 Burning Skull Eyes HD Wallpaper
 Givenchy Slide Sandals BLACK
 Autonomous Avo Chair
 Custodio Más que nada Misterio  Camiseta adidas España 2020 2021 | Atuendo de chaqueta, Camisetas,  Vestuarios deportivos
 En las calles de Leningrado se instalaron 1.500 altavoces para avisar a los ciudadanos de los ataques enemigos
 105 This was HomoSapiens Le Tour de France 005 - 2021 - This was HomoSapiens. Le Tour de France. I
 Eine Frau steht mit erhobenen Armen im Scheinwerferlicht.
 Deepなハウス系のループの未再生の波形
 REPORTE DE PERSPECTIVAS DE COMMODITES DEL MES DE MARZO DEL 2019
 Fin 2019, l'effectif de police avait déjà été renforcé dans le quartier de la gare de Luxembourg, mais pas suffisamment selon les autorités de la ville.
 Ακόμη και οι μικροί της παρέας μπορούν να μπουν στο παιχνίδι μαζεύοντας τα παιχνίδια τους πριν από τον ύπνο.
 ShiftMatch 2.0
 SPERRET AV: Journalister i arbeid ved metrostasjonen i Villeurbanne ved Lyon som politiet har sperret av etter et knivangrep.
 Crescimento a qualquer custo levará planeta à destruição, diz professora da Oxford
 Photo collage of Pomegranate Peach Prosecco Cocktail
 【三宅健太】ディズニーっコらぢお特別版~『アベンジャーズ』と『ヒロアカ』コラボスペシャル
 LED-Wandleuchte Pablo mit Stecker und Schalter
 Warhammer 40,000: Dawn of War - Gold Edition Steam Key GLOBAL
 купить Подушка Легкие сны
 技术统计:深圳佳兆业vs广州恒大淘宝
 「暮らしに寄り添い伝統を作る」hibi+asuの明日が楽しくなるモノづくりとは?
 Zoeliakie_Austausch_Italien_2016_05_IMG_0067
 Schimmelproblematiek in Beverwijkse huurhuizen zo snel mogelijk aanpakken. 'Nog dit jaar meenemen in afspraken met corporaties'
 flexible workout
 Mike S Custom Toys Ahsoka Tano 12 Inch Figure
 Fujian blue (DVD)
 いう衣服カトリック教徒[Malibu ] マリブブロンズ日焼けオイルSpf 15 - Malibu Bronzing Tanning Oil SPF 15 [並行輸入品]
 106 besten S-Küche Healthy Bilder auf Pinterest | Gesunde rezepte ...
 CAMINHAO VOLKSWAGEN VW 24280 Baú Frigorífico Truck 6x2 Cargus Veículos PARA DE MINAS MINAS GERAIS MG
· · ·
● **TASK BRIEF**
Transcribe, exactly and without additions, the lines of the records above, beginning with the line that contains "技术统计:深圳佳兆业vs广州恒大淘宝" and ending with the line that contains "いう衣服カトリック教徒[Malibu ] マリブブロンズ日焼けオイルSpf", both included.

● **TASK SOLUTION**
 技术统计:深圳佳兆业vs广州恒大淘宝
 「暮らしに寄り添い伝統を作る」hibi+asuの明日が楽しくなるモノづくりとは?
 Zoeliakie_Austausch_Italien_2016_05_IMG_0067
 Schimmelproblematiek in Beverwijkse huurhuizen zo snel mogelijk aanpakken. 'Nog dit jaar meenemen in afspraken met corporaties'
 flexible workout
 Mike S Custom Toys Ahsoka Tano 12 Inch Figure
 Fujian blue (DVD)
 いう衣服カトリック教徒[Malibu ] マリブブロンズ日焼けオイルSpf 15 - Malibu Bronzing Tanning Oil SPF 15 [並行輸入品]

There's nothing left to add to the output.